The Children Act, by Ian McEwan
This has been made into a major film starring Emma Thompson and Stanley Tucci.
“Fiona Maye is a respected High Court judge, renowned for her exactitude and calm professionalism. But when her husband of 30 years standing shocks her with an unreasonable request, she finds her life in crisis.
“At precisely the same time, she is ordered to try a new case. It is an urgent matter of life and death, bringing science and religion into direct conflict - and at its centre is a beautiful adolescent boy with the whole of his life ahead of him. Exactly the kind of case where a small error of judgement might have grave and lasting consequences.”
Vanity Fair, by William Makepeace Thackeray
ITV have made the latest adaptation of Thackeray’s novel. Olivia Cooke plays the manipulative heroine.
“Becky Sharp is a poor orphan when she first makes friends with the lovely Amelia Sedley at Miss Pinkerton’s Academy for Young Ladies. She may not have the natural advantages of her companion but she more than makes up for it with her wit, charm, deviousness and determination to make a success of herself whatever the cost.”
The Silence of the Girls, by Pat Barker
This is getting rave reviews everywhere.
“When her city falls to the Greeks, Briseis’s old life is shattered. She is transformed from queen to captive, from free woman to slave, awarded to the god-like warrior Achilles as a prize of war. And she’s not alone. On the same day, and on many others in the course of a long and bitter war, innumerable women have been wrested from their homes and flung to the fighters.
“The Trojan War is known as a man’s story: a quarrel between men over a woman, stolen from her home and spirited across the sea. But what of the other women in this story, silenced by history? What words did they speak when alone with each other, in the laundry, at the loom, when laying out the dead?”
The Little Stranger, by Sarah Waters
Another novel to transfer to film. This has been adapted by the director of Room and stars Domhnall Gleeson and Ruth Wilson.
“In a dusty post-war summer in rural Warwickshire, a doctor is called to a patient at Hundreds Hall. Home to the Ayres family for over two centuries, the Georgian house, once grand and handsome, is now in decline. But are the Ayres haunted by something more sinister than a dying way of life?”

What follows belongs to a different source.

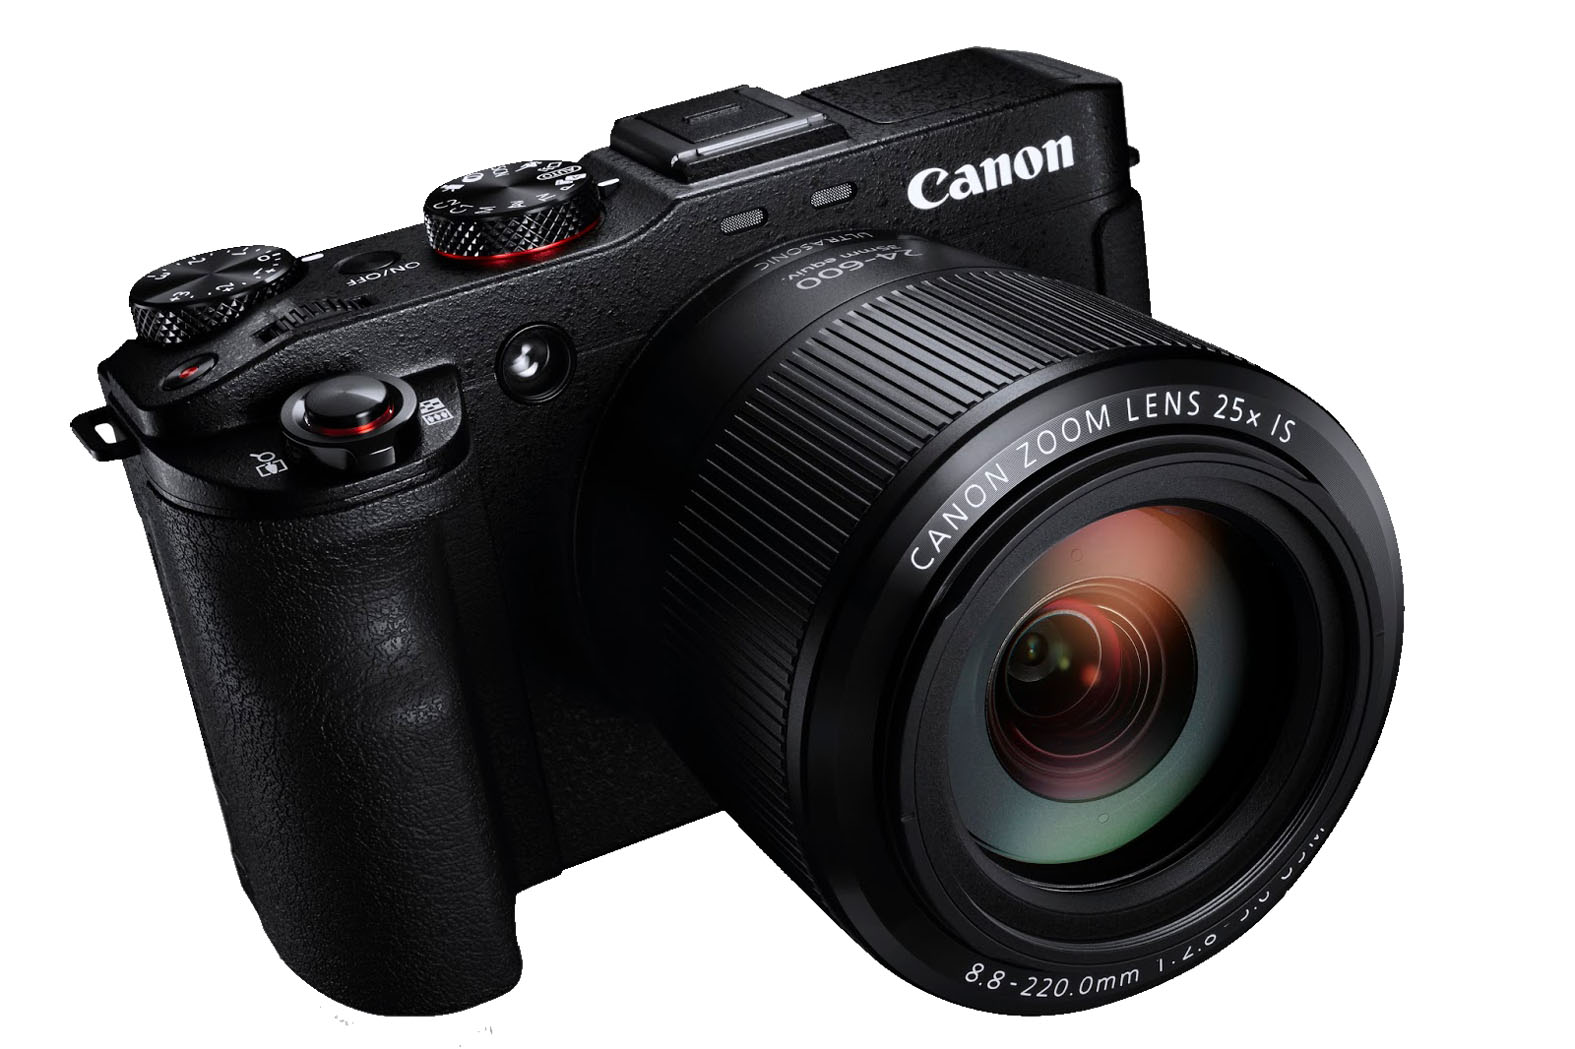 Canon PowerShot G 3X, Untuk Kamu Yang Suka Travelling

Black Klansman: race, hate, and the undercover investigation of a lifetime, by Ron Stallworth
Spike Lee’s latest film is based on the true story of two officers, one black, who infiltrated the Ku Klux Klan in the early 1970s.

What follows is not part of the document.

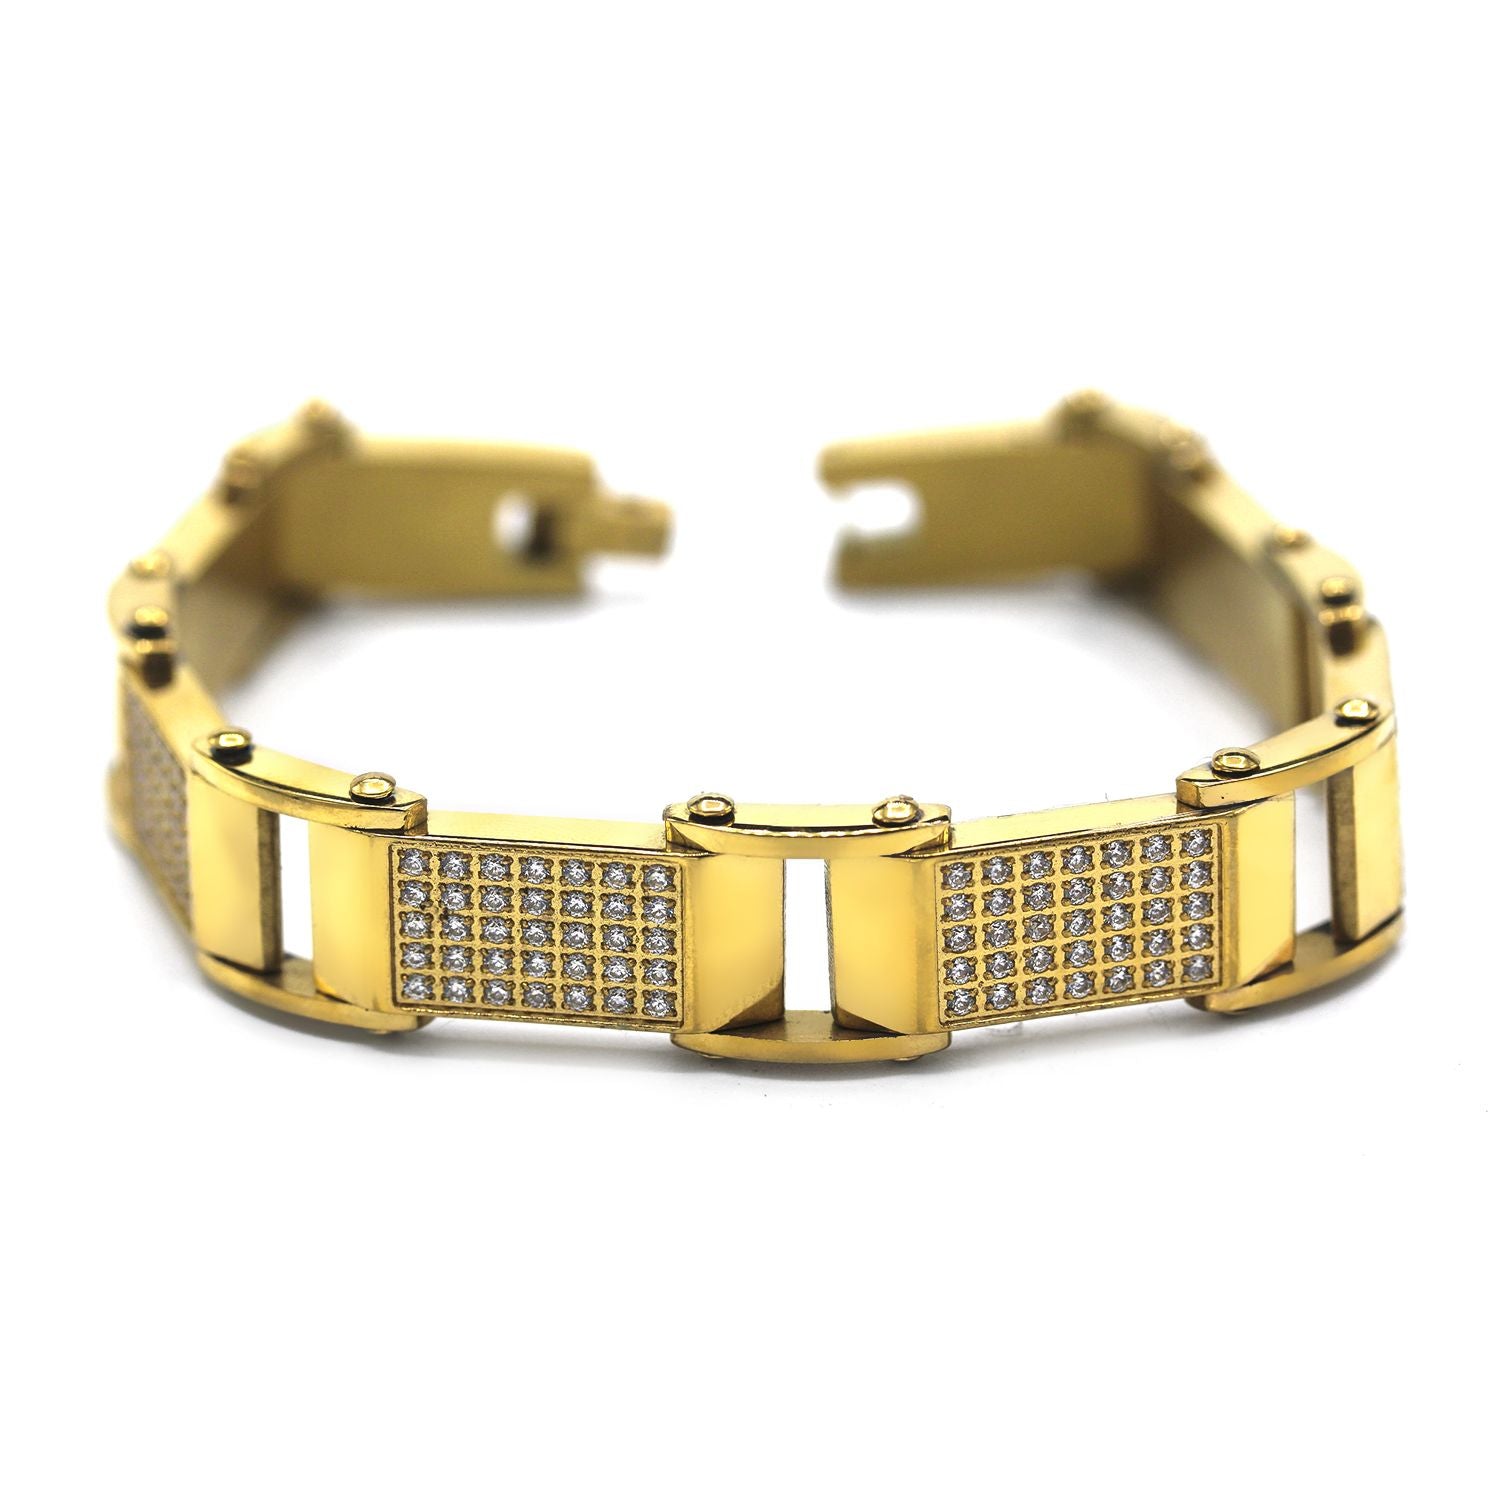 Cubic Zirconia Men's Bracelet 14K Gold Plated Wrist Band Fashion Jewelry 8.5"

“When Ron Stallworth, the first black detective in the history of the Colorado Springs Police Department, comes across a classified ad in the local paper asking for all those interested in joining the Ku Klux Klan to contact a P.O. box, Detective Stallworth does his job and responds with interest, using his real name while posing as a white man. He figures he’ll receive a few brochures in the mail, and learn more about a growing terrorist threat in his community. A few weeks later the office phone rings, and the caller asks Ron a question he thought he’d never have to answer, ‘Would you like to join our cause?’
“This is 1978, and the KKK is on the rise in the United States. Ron answers the caller’s question that night with a yes, launching what is surely one of the most audacious, and incredible undercover investigations in history.”
Longbourn, by Jo Baker
This was published in 2014, but it was recently chosen as a Radio 4 Extra book read by Sophie Thompson.

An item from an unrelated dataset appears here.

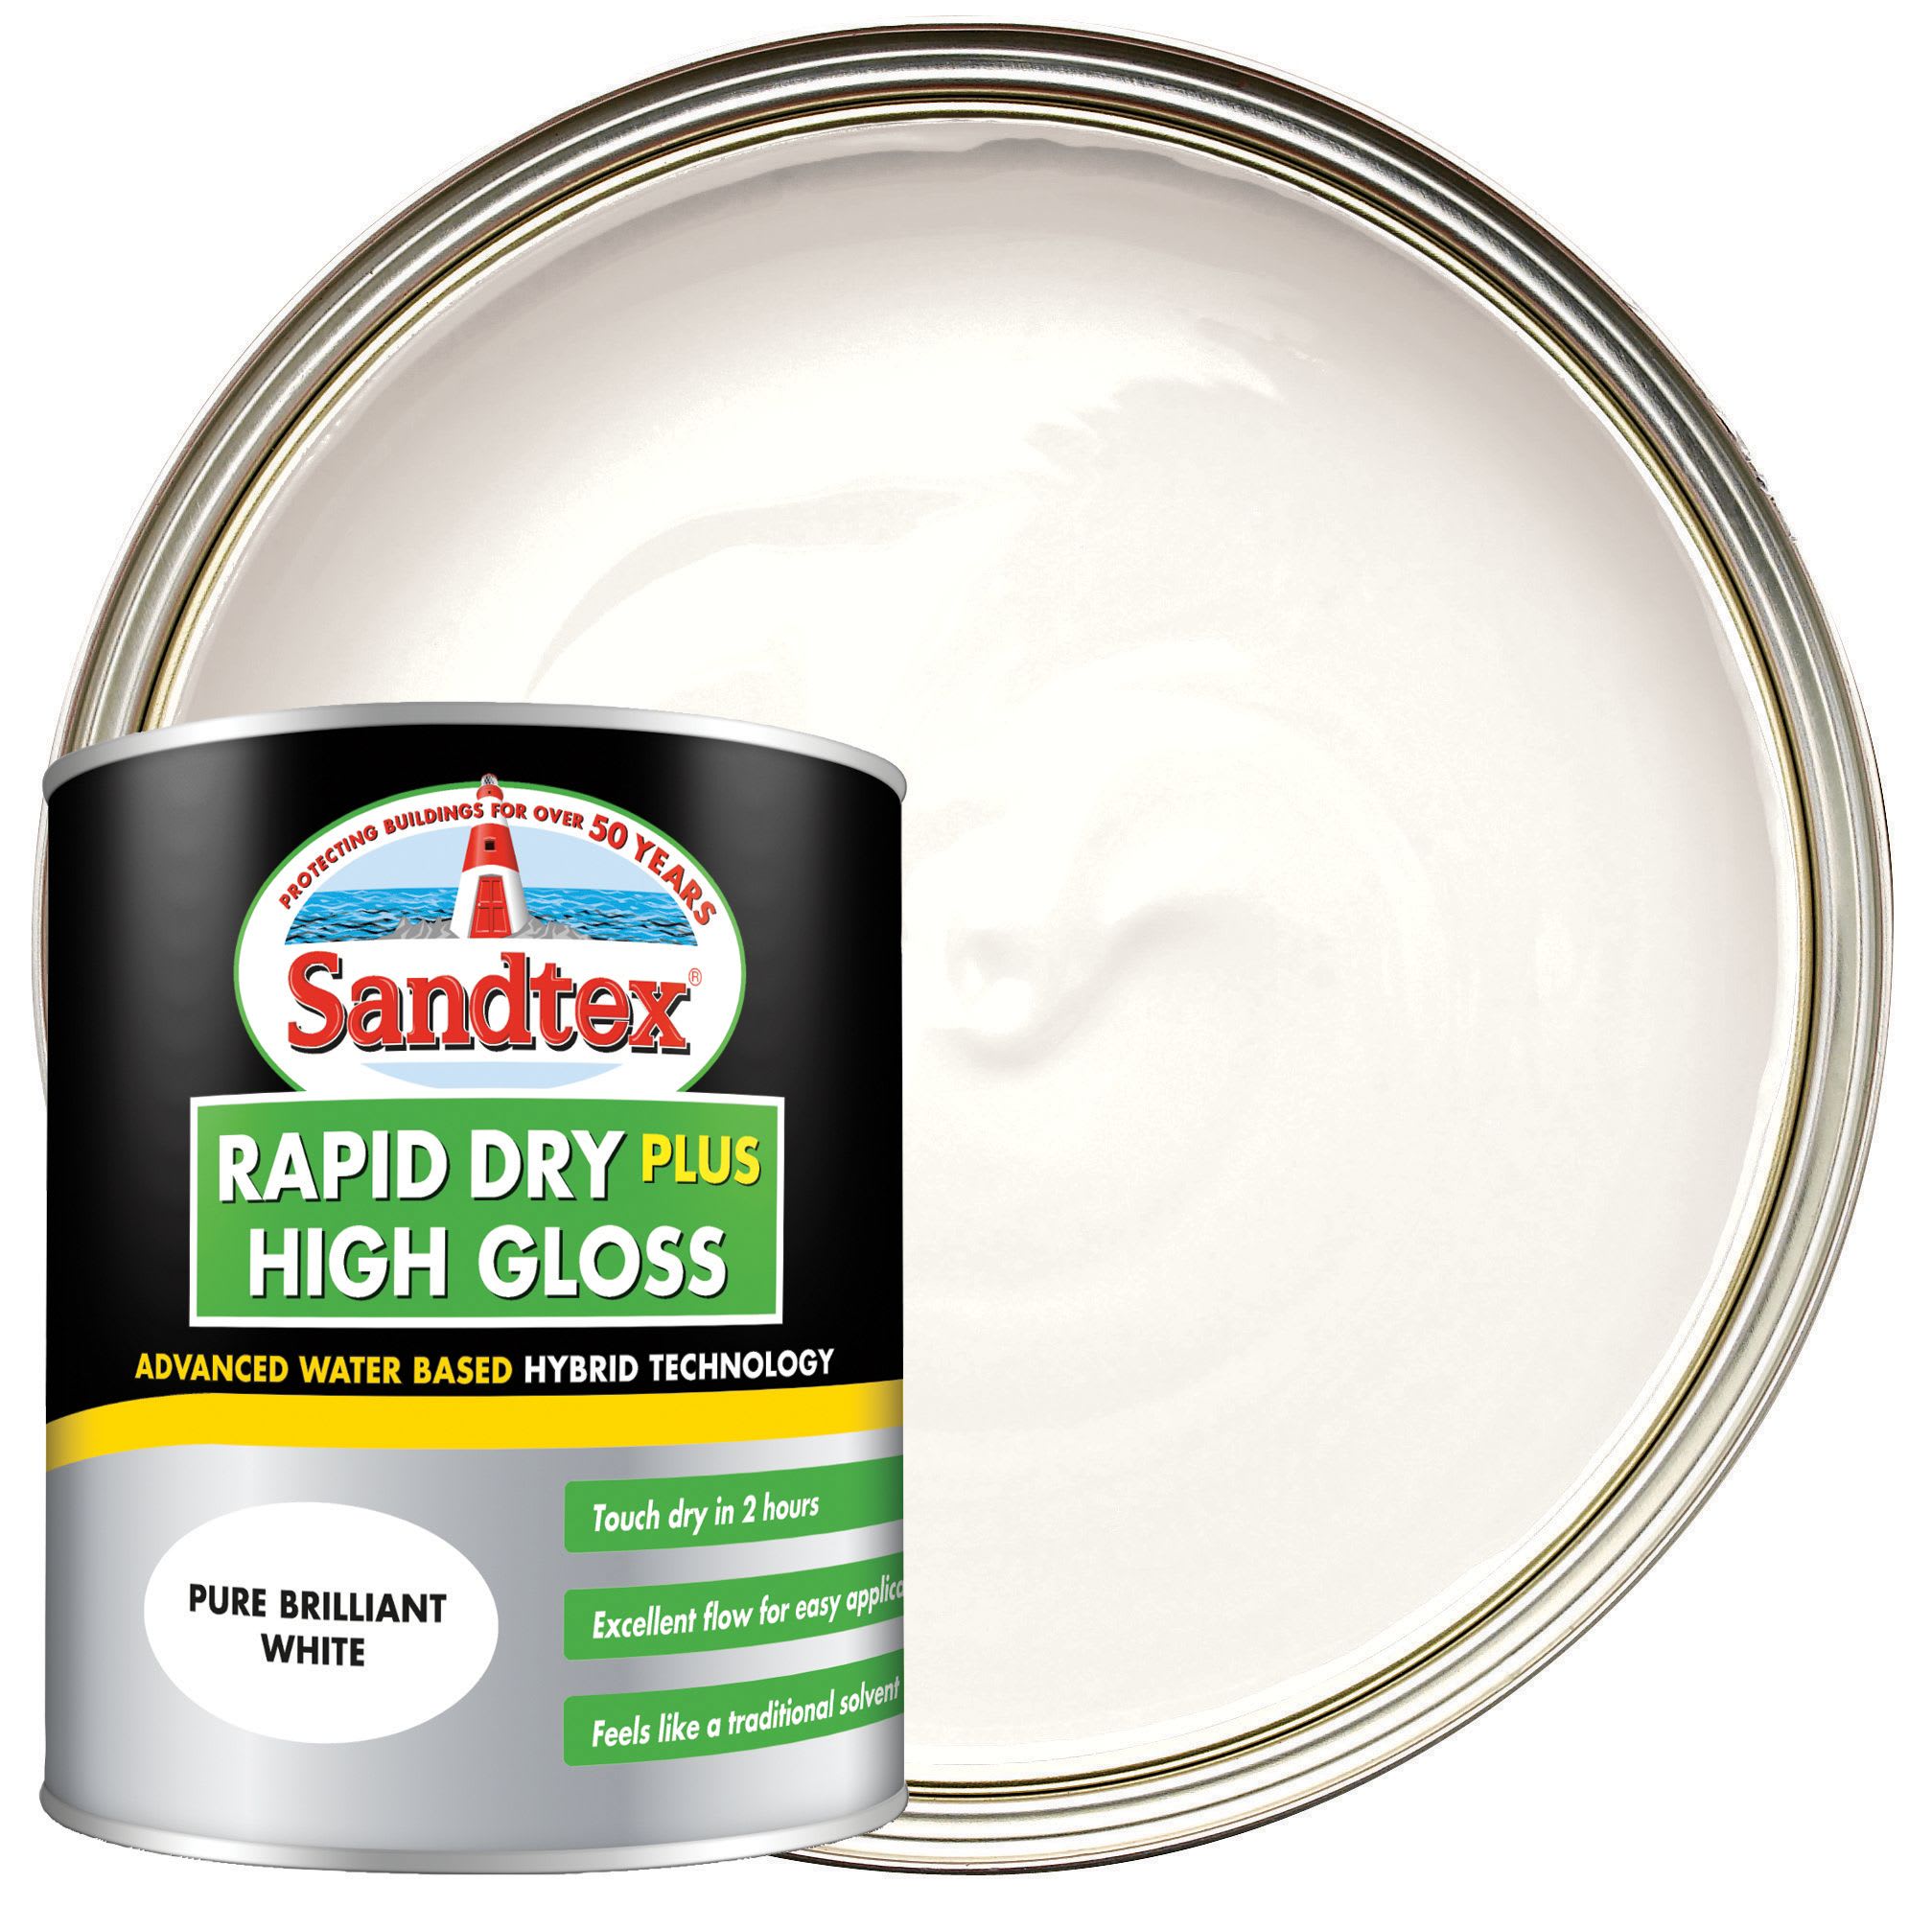 Sandtex Rapid Dry Plus High Gloss Paint -

“It is wash-day for the housemaids at Longbourn House, and Sarah’s hands are chapped and bleeding. Domestic life below stairs, ruled tenderly and forcefully by Mrs Hill the housekeeper, is about to be disturbed by the arrival of a new footman smelling of the sea, and bearing secrets. For in Georgian England, there is a world the young ladies in the drawing room will never know, a world of poverty, love, and brutal war.”